Elasticsearch master (21)

Using rescoring mechanism to optimize the performance of approximate match search

It is different from Phrase match(Proximity match)

  • match

    • As long as a term is simply matched, it can be understood that the doc corresponding to the term is returned as the result, and the index is scanned in reverse order, and it is ok when it is scanned
  • phrase match

    • First, scan the doc list of all terms. Find the doc list containing all terms; Then, the position of each term is calculated for each doc to see whether it conforms to the specified range. Slop requires complex calculations to determine if sloP can be moved to match a doc

The match query performance is much higher than that of the Phrase match and proximity match (with SLOP). Because both calculate the distance of position.

The match Query performance is 10 times higher than that of the Phrase match and 20 times higher than that of the Proximity match.

However, don’t worry too much, because the performance of ES is generally in milliseconds, the performance of match Query is in milliseconds or tens of milliseconds, and the performance of Phrase match and Proximity match is in tens to hundreds of milliseconds. Therefore, it is acceptable.

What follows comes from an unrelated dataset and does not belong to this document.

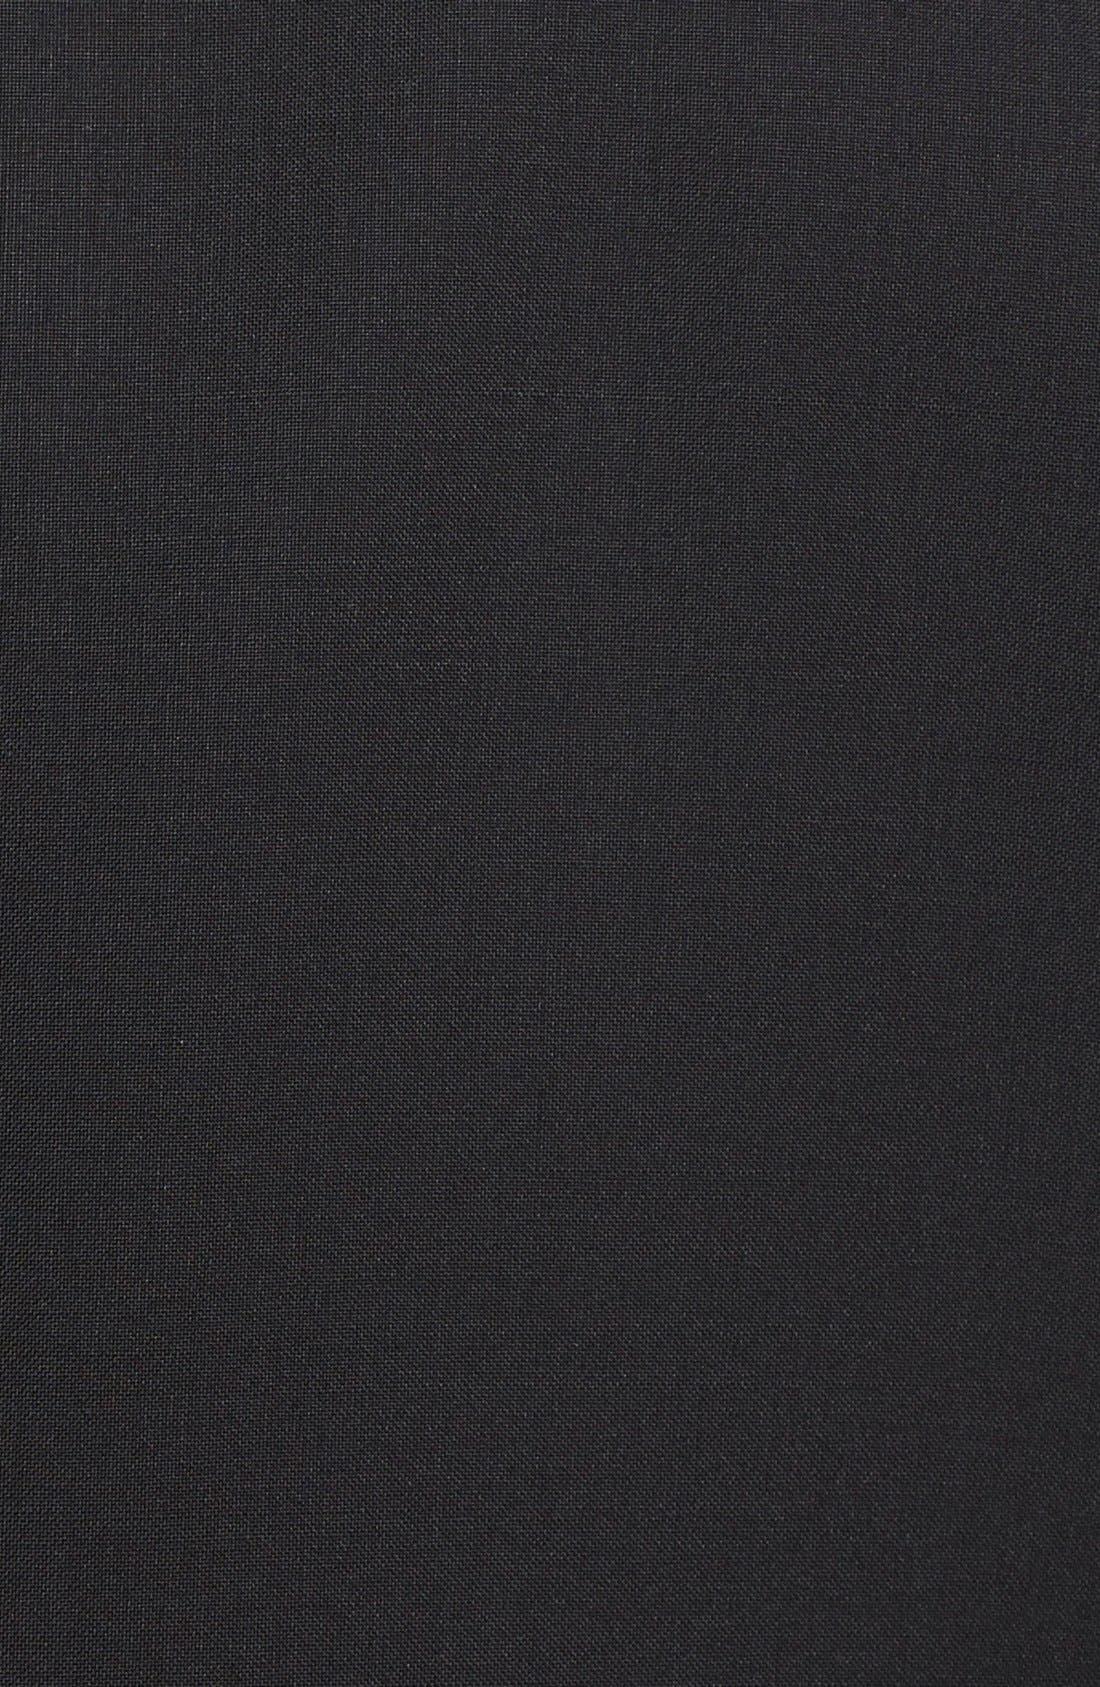 13000 Classic Fit Wool & Mohair Tuxedo,                             Alternate thumbnail 6, color,                             BLACK

Optimize the performance of proximity match

Generally, it is to reduce the number of documents required for proximity match search.

  • The main idea is

    • withmatch queryFilter out the data you need,Secondly, proximity match was used to improve doc scores according to term distance. In addition, proximity match only worked on the top n doc scores of each SHard to adjust their scoresThe process is calledrescoring, re-score. Generally, users can only see the data of the first few pages through paging query. Therefore, it is unnecessary to conduct proximity match operation for all results.

As we just said, match + Proximity match can simultaneously achieve recall rate and accuracy (important)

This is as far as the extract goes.